The reasoning for subsequent calculations of both ANI and conserved DNA values is that Mash distance values correlate well with ANI values for closely related genomes but the same is not true for conserved DNA values. A kmer fingerprint-based comparison alone cannot distinguish if a kmer is missing due to a SNP, for instance or a lack of the kmer-comprising subsequence. As DNA conservancy (next to DNA identity) is very important for many kinds of analyses, e.g. reference based SNP detections, ranking potential reference genomes based on a mash distance alone is often not sufficient in order to select the most appropriate reference genomes. If desired, ANI and conserved DNA values can be computed bidirectionally.
Input & Output
Input:
Path to a taxon database and a draft or finished genome in fasta format:
$ referenceseeker ~/bacteria GCF_000013425.1.fna
Output:
Tab separated lines to STDOUT comprising the following columns:
Unidirectionally (query -> references):
- RefSeq Assembly ID
- Mash Distance
- ANI
- Conserved DNA
- NCBI Taxonomy ID
- Assembly Status
- Organism
#ID Mash Distance ANI Con. DNA Taxonomy ID Assembly Status Organism
GCF_000013425.1 0.00000 100.00 100.00 93061 complete Staphylococcus aureus subsp. aureus NCTC 8325
GCF_001900185.1 0.00002 100.00 99.89 46170 complete Staphylococcus aureus subsp. aureus HG001
GCF_900475245.1 0.00004 100.00 99.57 93061 complete Staphylococcus aureus subsp. aureus NCTC 8325 NCTC8325
GCF_001018725.2 0.00016 100.00 99.28 1280 complete Staphylococcus aureus FDAARGOS_10
GCF_003595465.1 0.00185 99.86 96.81 1280 complete Staphylococcus aureus USA300-SUR6
GCF_003595385.1 0.00180 99.87 96.80 1280 complete Staphylococcus aureus USA300-SUR2
GCF_003595365.1 0.00180 99.87 96.80 1280 complete Staphylococcus aureus USA300-SUR1
GCF_001956815.1 0.00180 99.87 96.80 46170 complete Staphylococcus aureus subsp. aureus USA300_SUR1
...
Bidirectionally (query -> references [QR] & references -> query [RQ]):
- RefSeq Assembly ID
- Mash Distance
- QR ANI
- QR Conserved DNA
- RQ ANI
- RQ Conserved DNA
- NCBI Taxonomy ID
- Assembly Status
- Organism
#ID Mash Distance QR ANI QR Con.

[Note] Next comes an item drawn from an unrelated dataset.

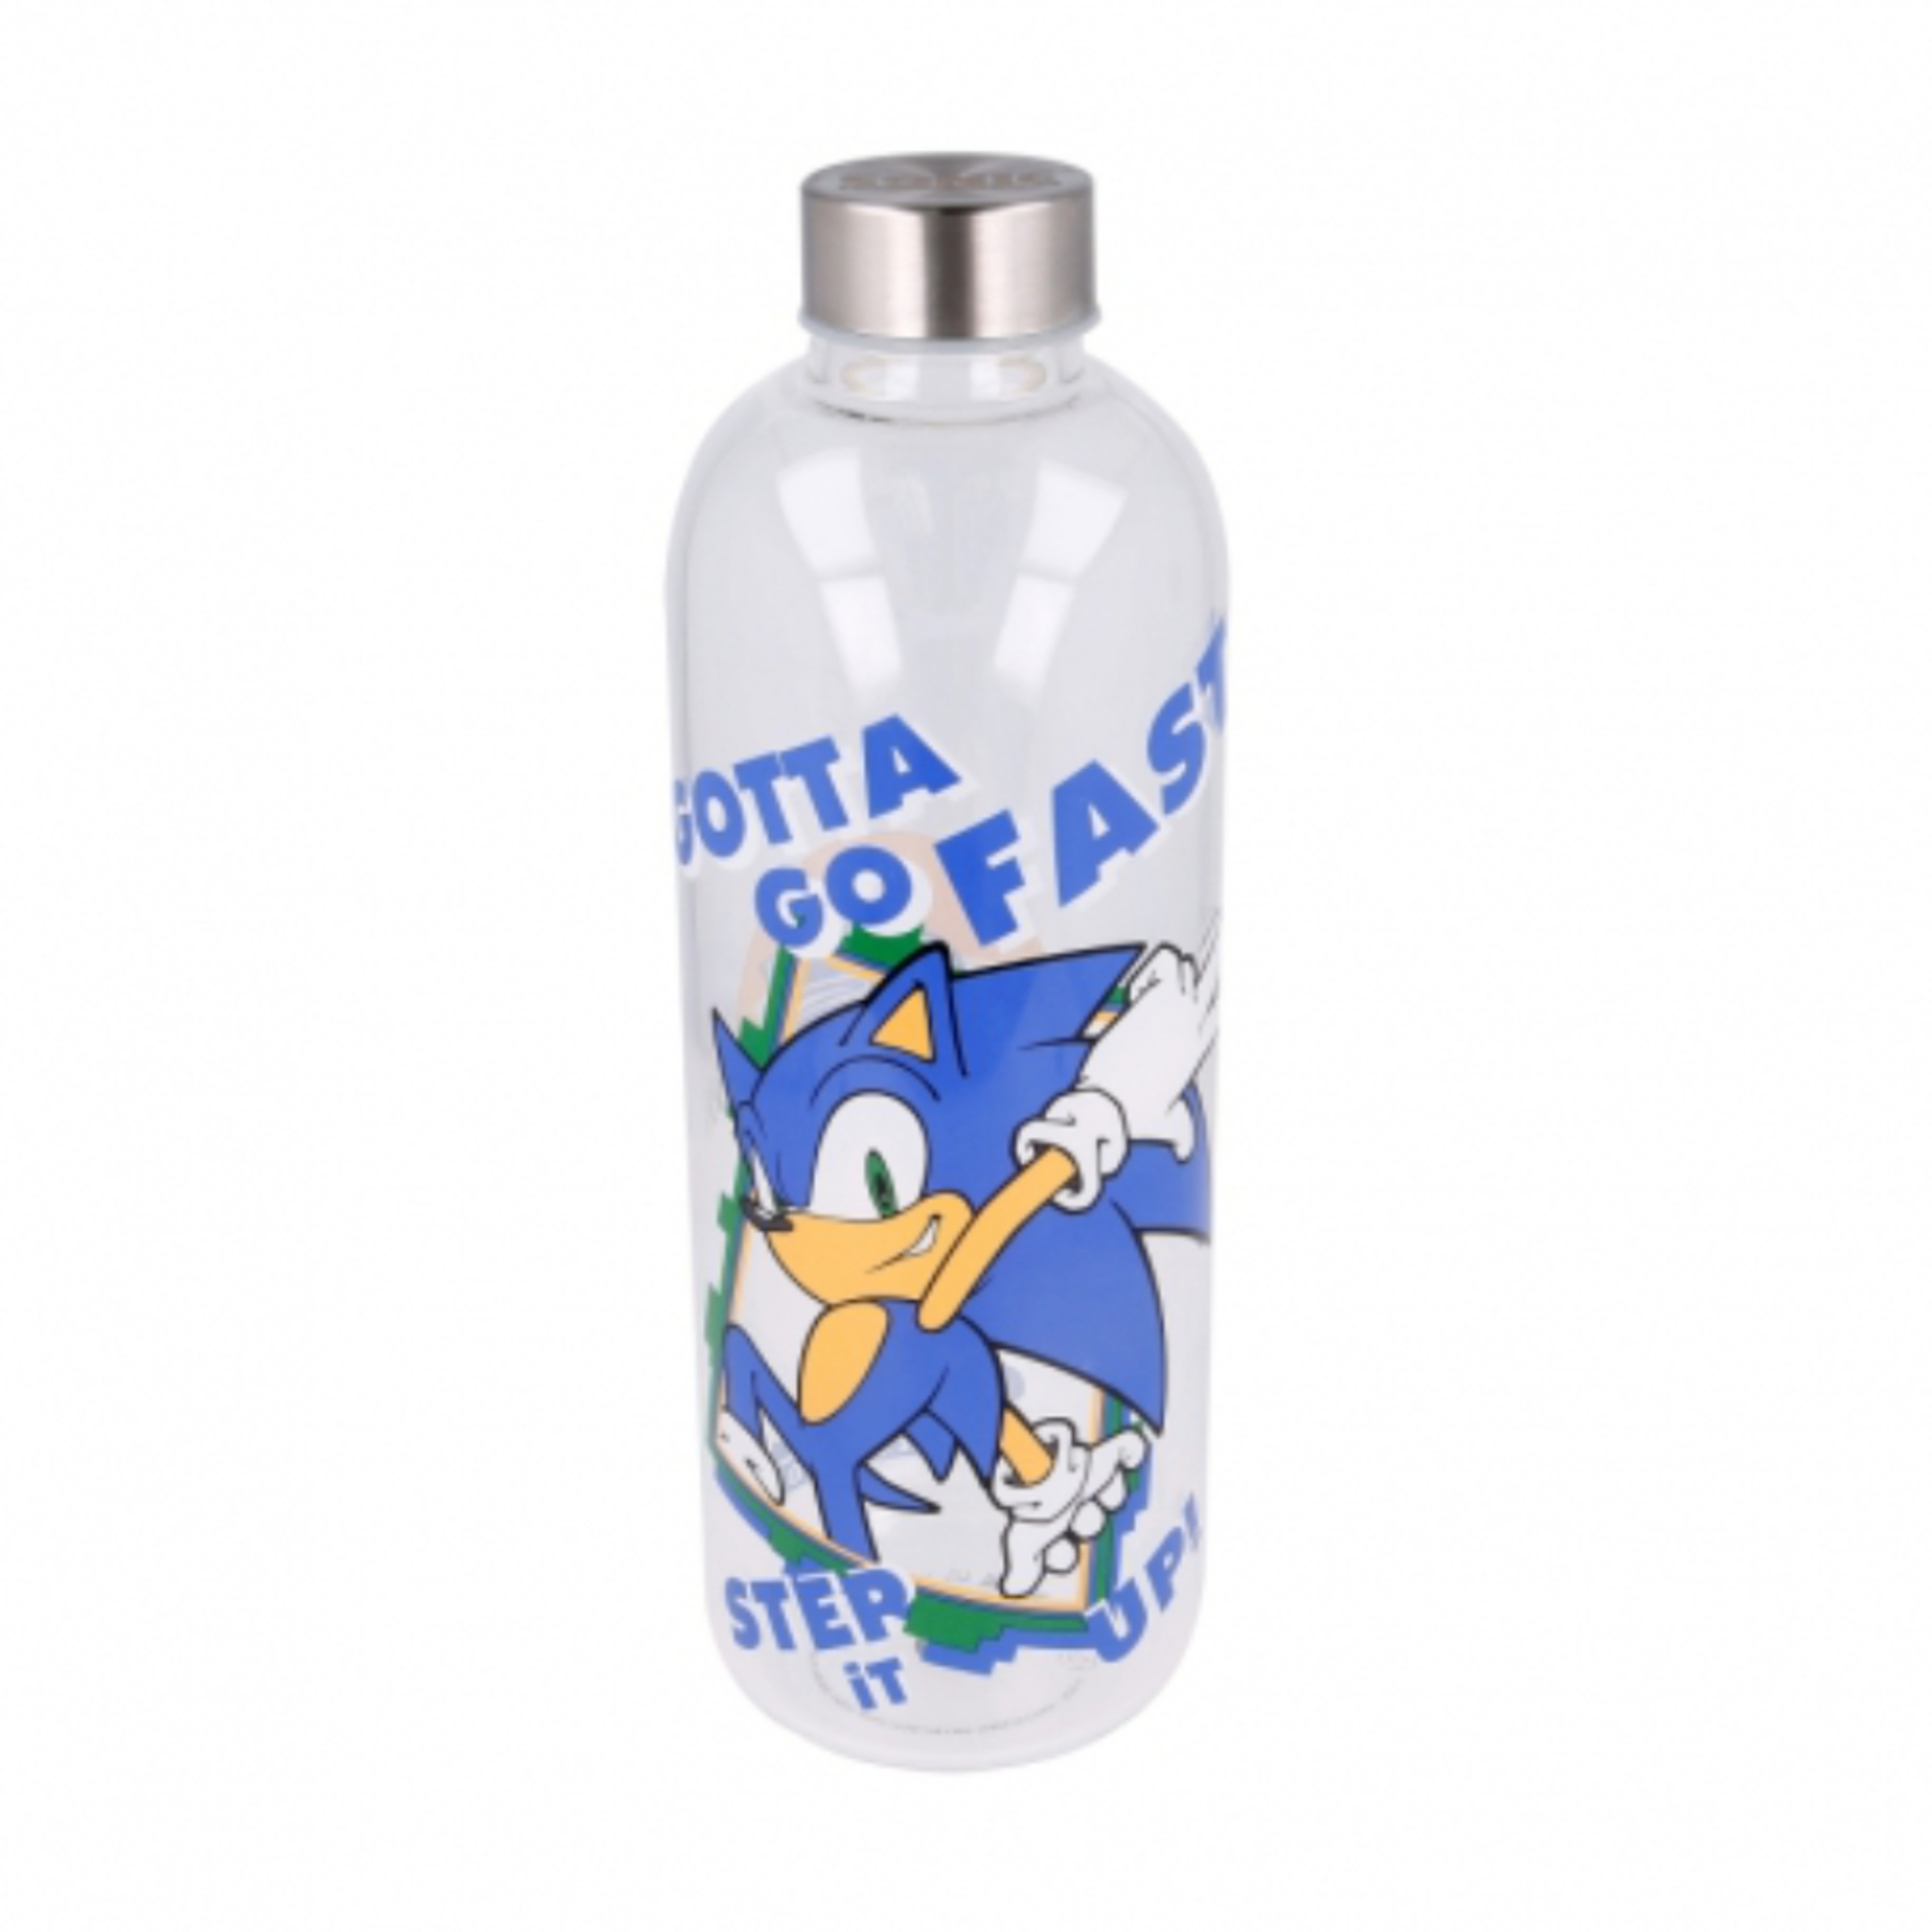 Botella Sonic 65730 - transparente -

DNA RQ ANI RQ Con. DNA Taxonomy ID Assembly Status Organism
GCF_000013425.1 0.00000 100.00 100.00 100.00 100.00 93061 complete Staphylococcus aureus subsp. aureus NCTC 8325
GCF_001900185.1 0.00002 100.00 99.89 100.00 99.89 46170 complete Staphylococcus aureus subsp. aureus HG001
GCF_900475245.1 0.00004 100.00 99.57 99.99 99.67 93061 complete Staphylococcus aureus subsp. aureus NCTC 8325 NCTC8325
GCF_001018725.2 0.00016 100.00 99.28 99.95 98.88 1280 complete Staphylococcus aureus FDAARGOS_10
GCF_001018915.2 0.00056 99.99 96.35 99.98 99.55 1280 complete Staphylococcus aureus NRS133
GCF_001019415.2 0.00081 99.99 94.47 99.98 99.36 1280 complete Staphylococcus aureus NRS146
GCF_001018735.2 0.00096 100.00 94.76 99.98 98.58 1280 complete Staphylococcus aureus NRS137
GCF_003354885.1 0.00103 99.93 96.63 99.93 96.66 1280 complete Staphylococcus aureus 164
...
Installation
ReferenceSeeker can be installed via Conda and Git(Hub).
In either case, a taxon database must be downloaded which we provide for download at Zenodo: For more information scroll to Databases.
Conda / BioConda
The preferred way to install and run ReferenceSeeker is Conda using the Bioconda channel:
$ conda install -c conda-forge -c bioconda -c defaults referenceseeker
$ referenceseeker --help
GitHub
Alternatively, you can use this raw GitHub repository:
- install necessary Python dependencies (if necessary)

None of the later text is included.